* [The data]
☆ ☆ ☆

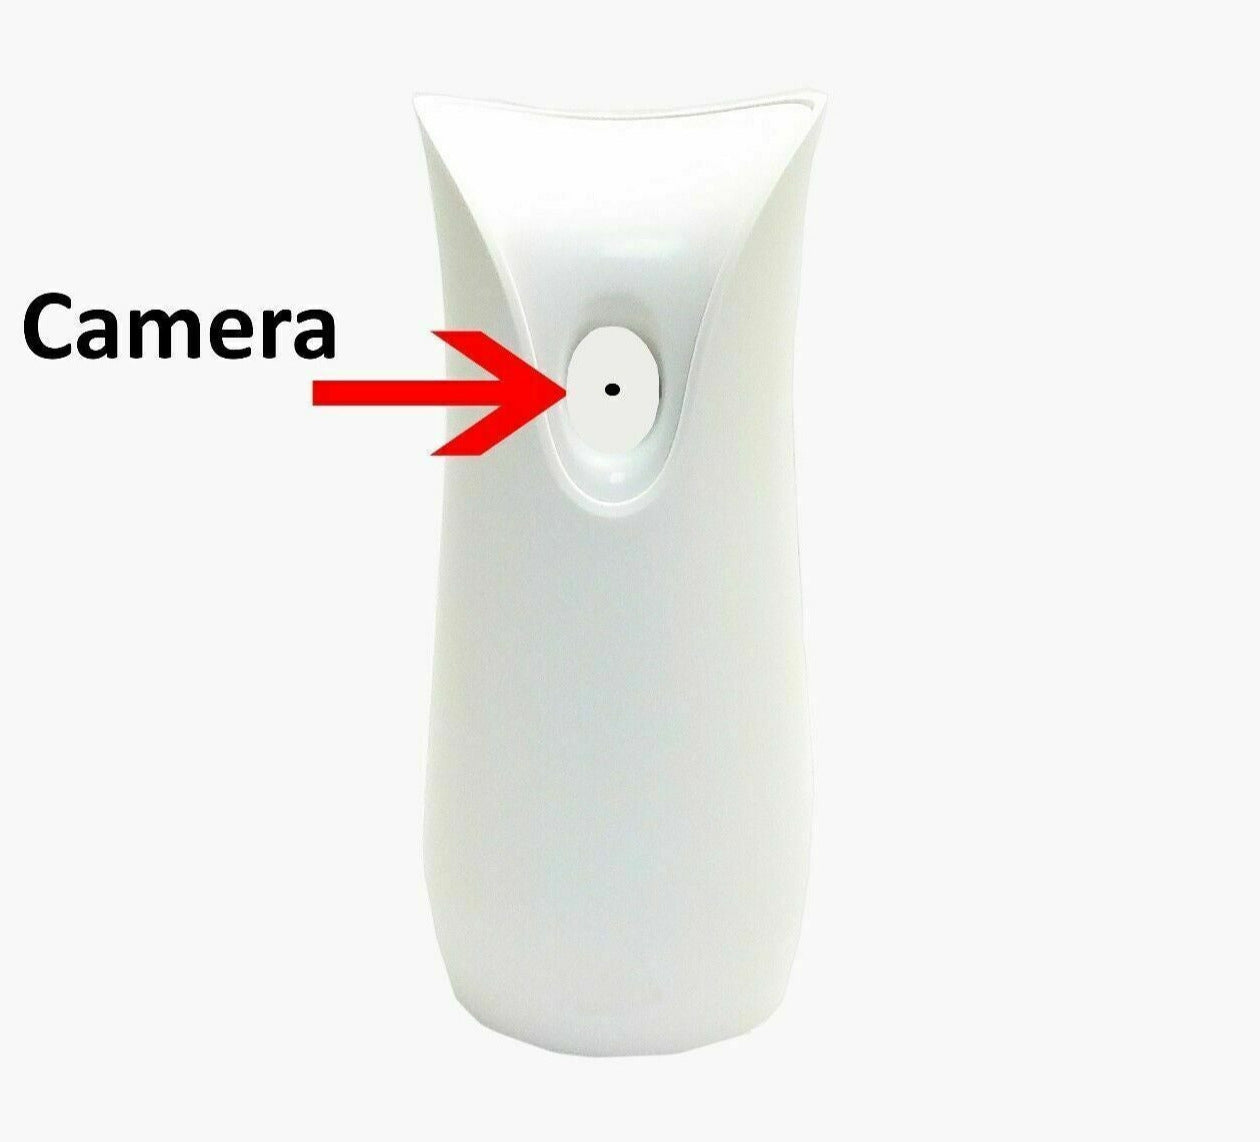 White automatic air freshener with built-in SpyCam indicated by an arrow.
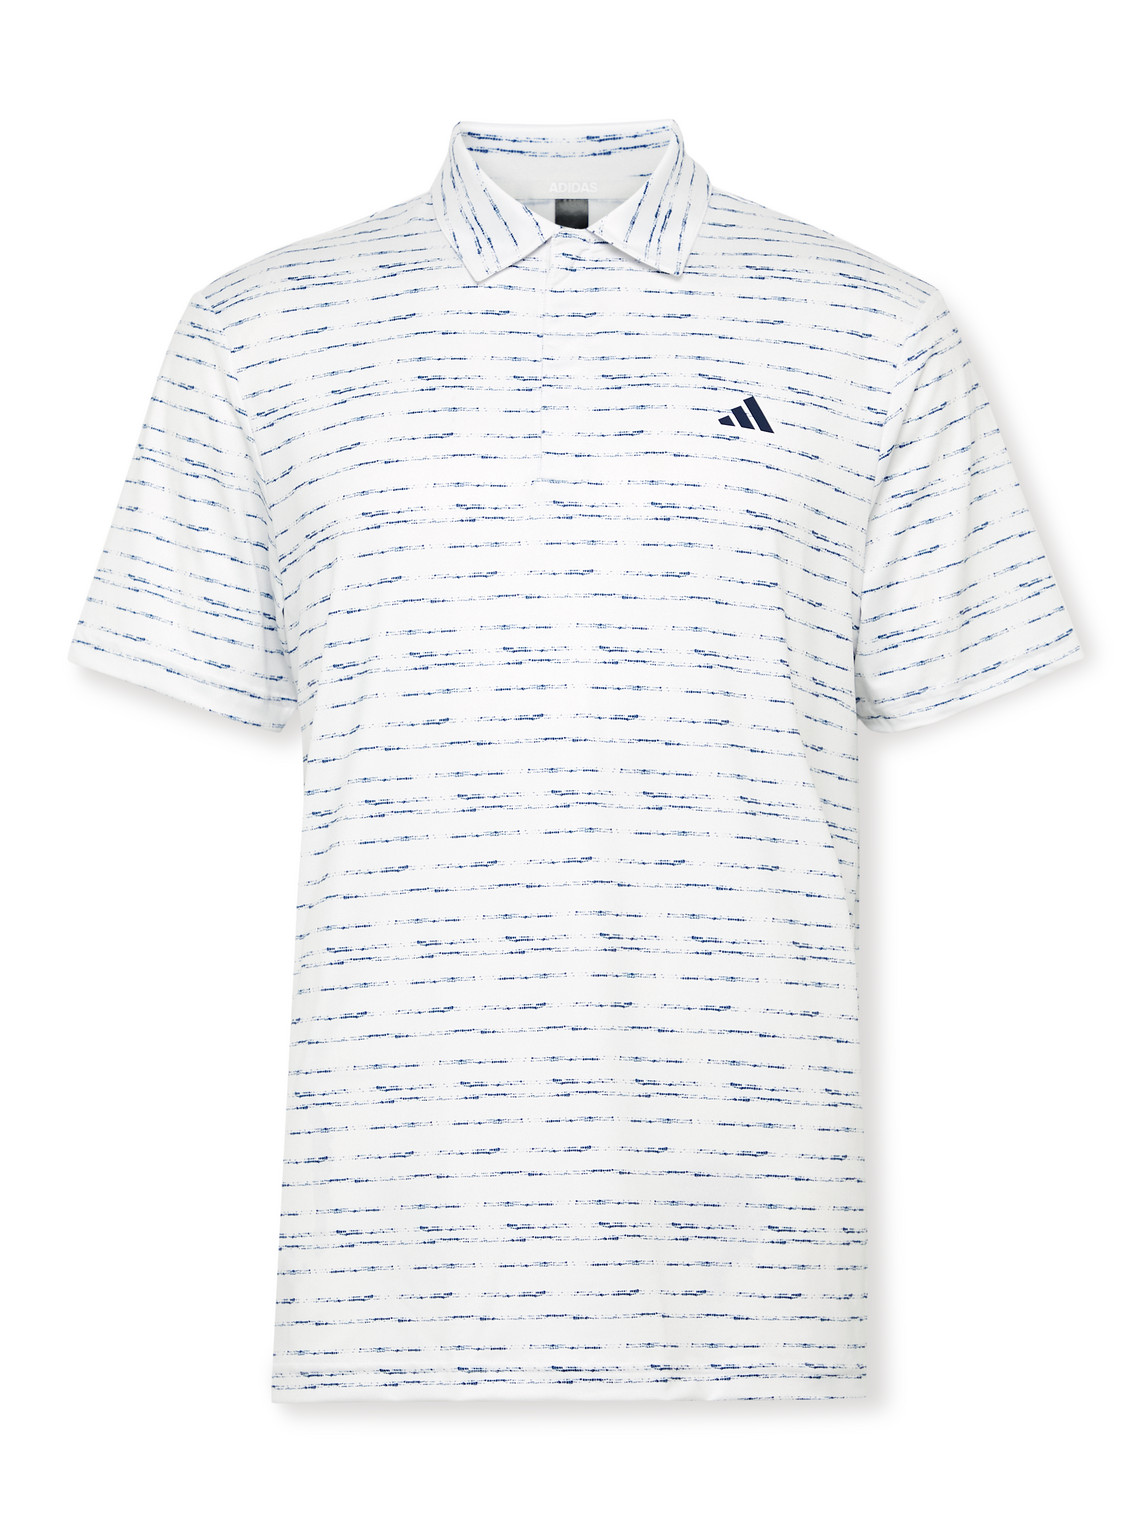 ADIDAS GOLF PRINTED STRETCH RECYCLED-JERSEY POLO SHIRT
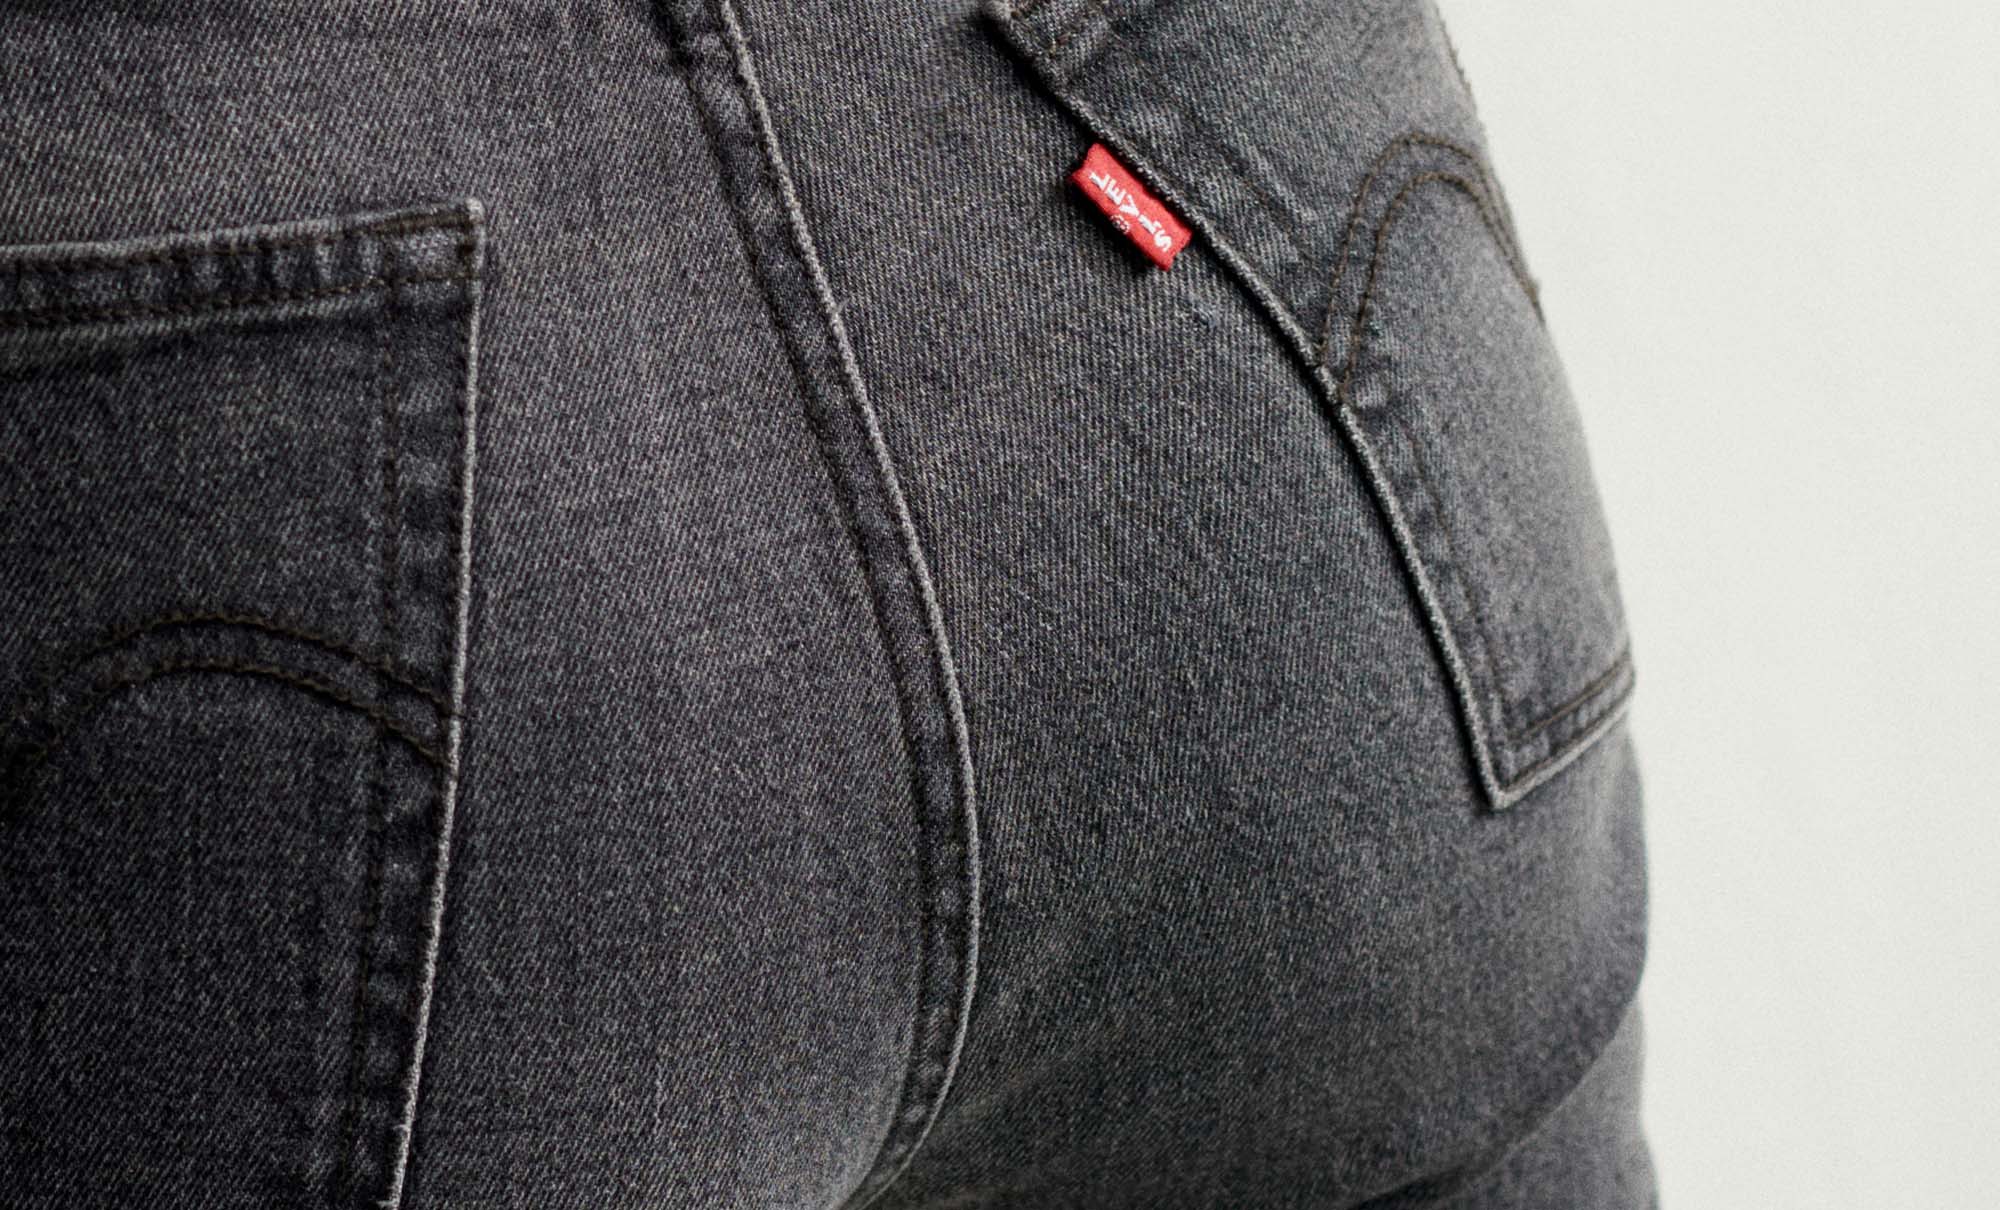 The True Story Behind the Debut of Black Jeans - Levi Strauss & Co
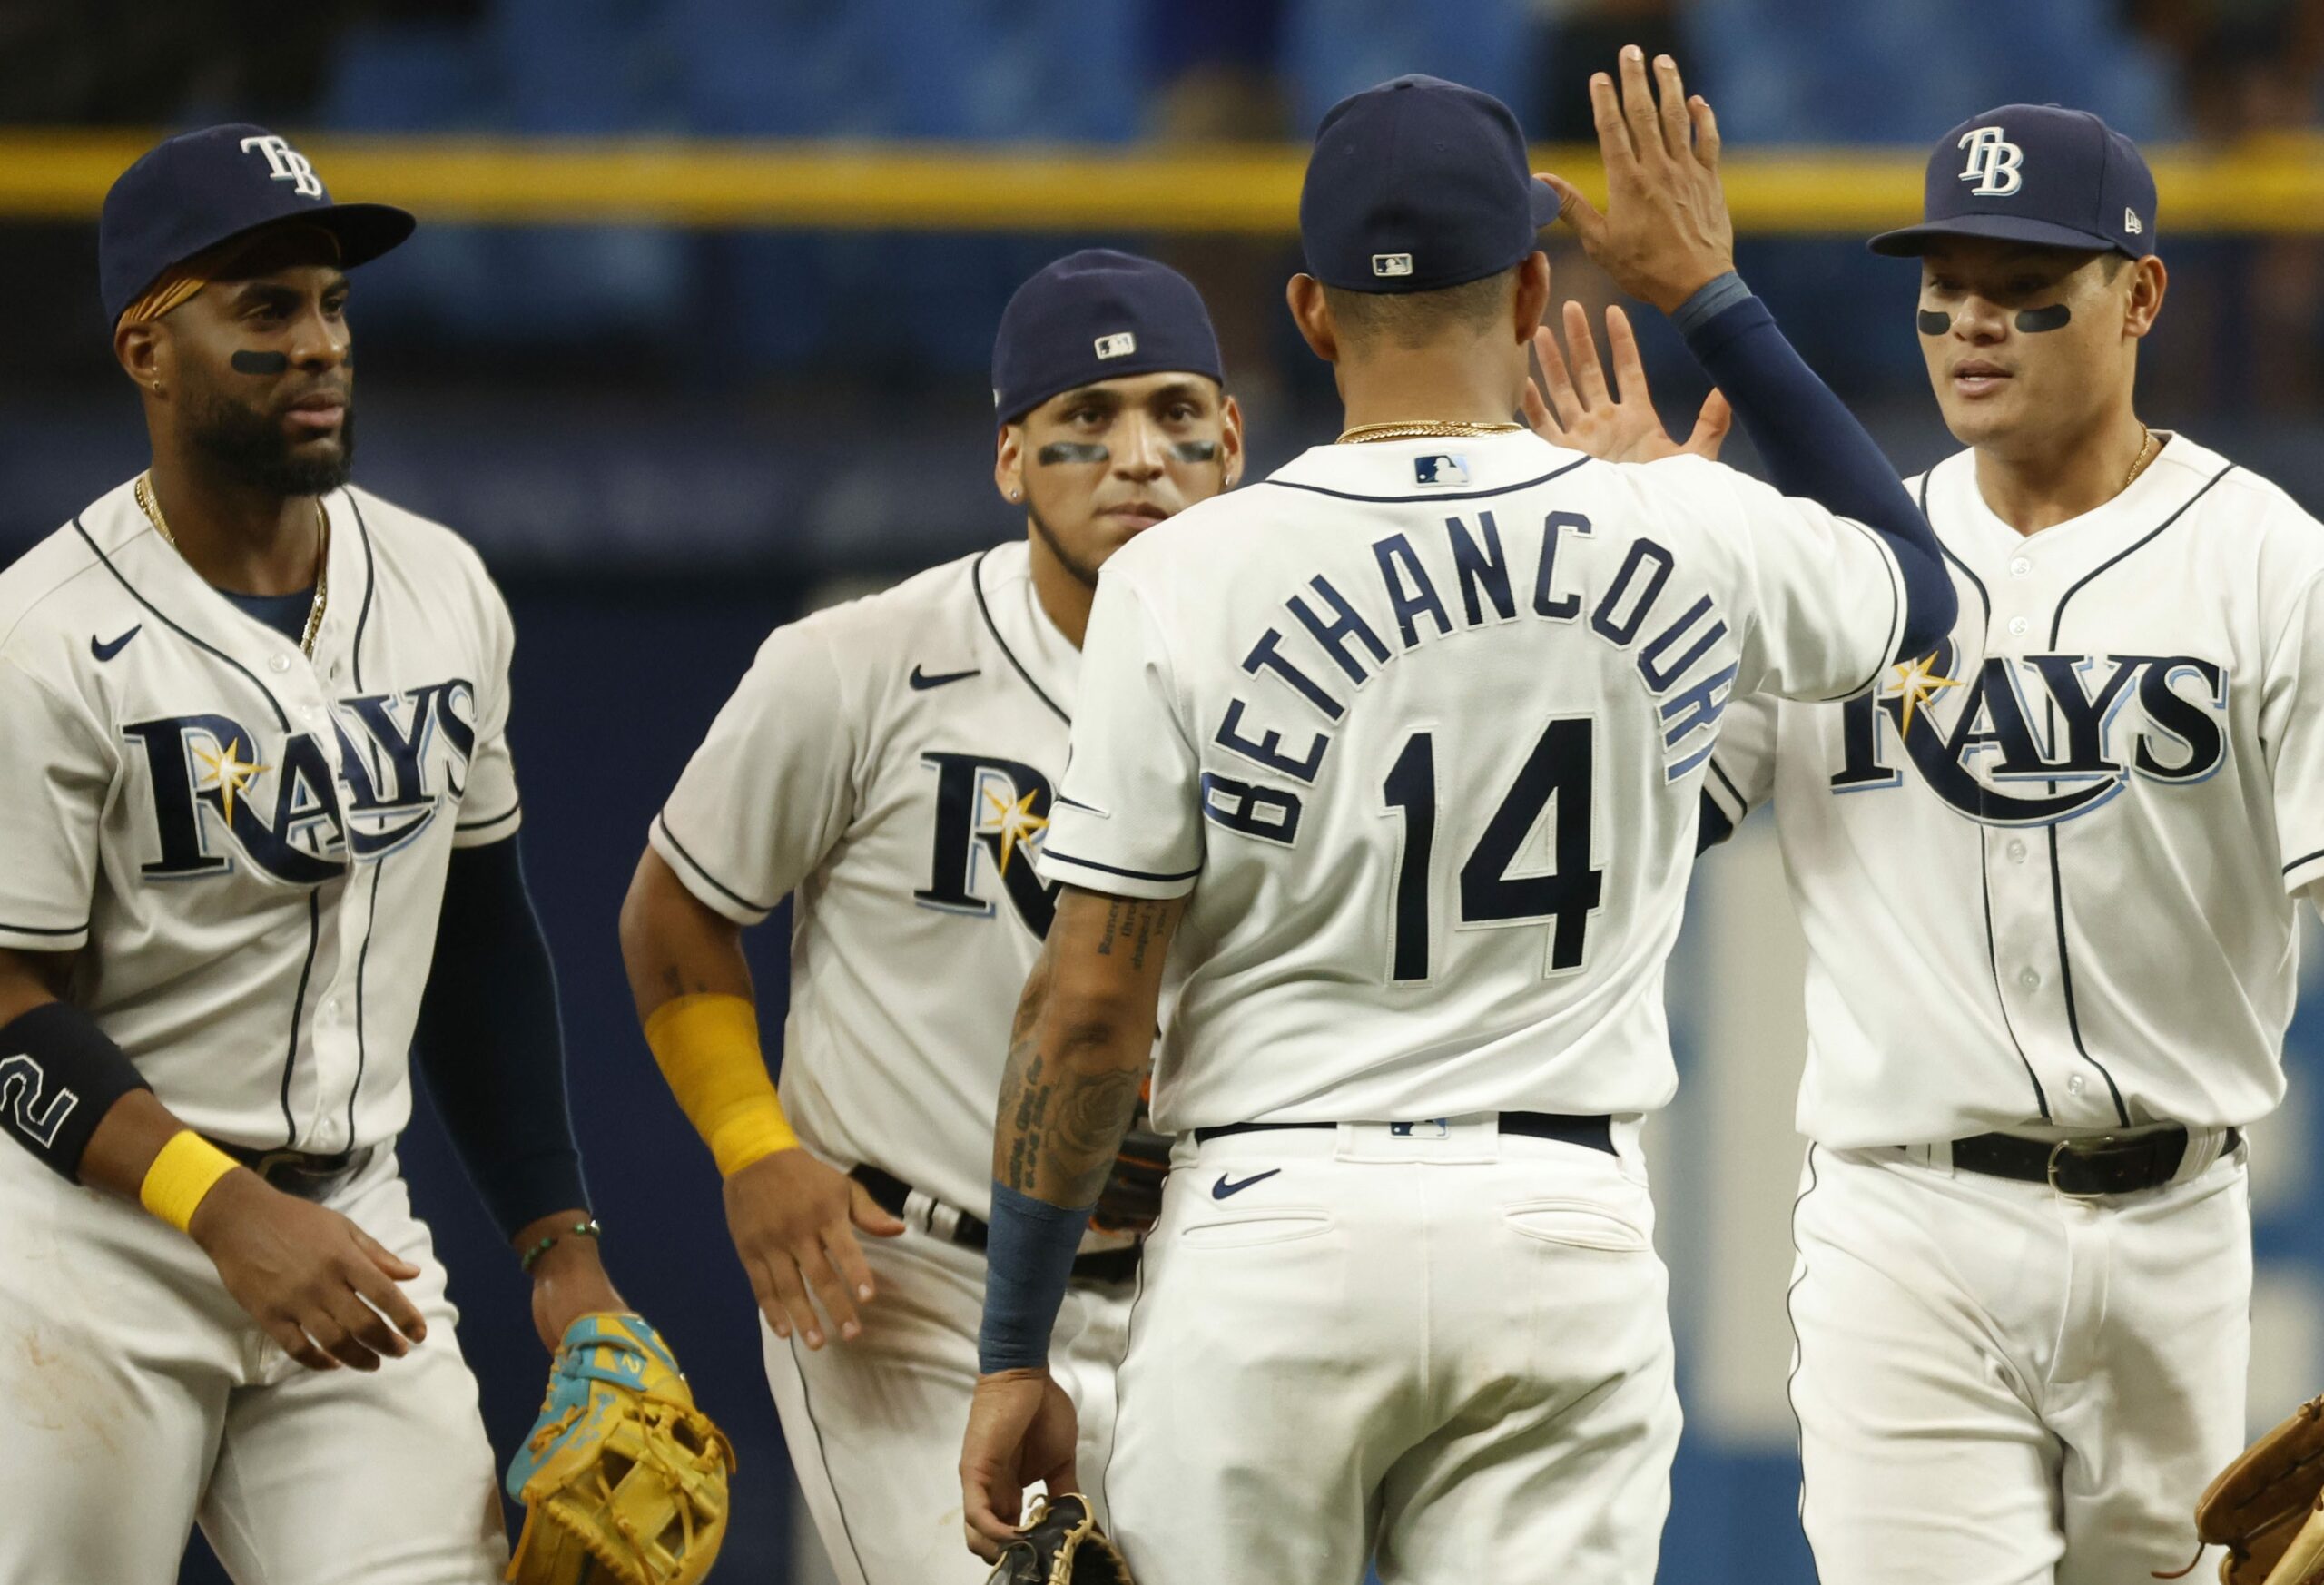 Houston Astros at Tampa Bay Rays odds, picks and predictions

☆ ☆ ☆

* [Required work] Leaving all pictures aside, print exactly the lines from the one that contains "The True Story" through the last line of the data above, inclusive.

* [Your solution]
 The True Story Behind the Debut of Black Jeans - Levi Strauss & Co
 Houston Astros at Tampa Bay Rays odds, picks and predictions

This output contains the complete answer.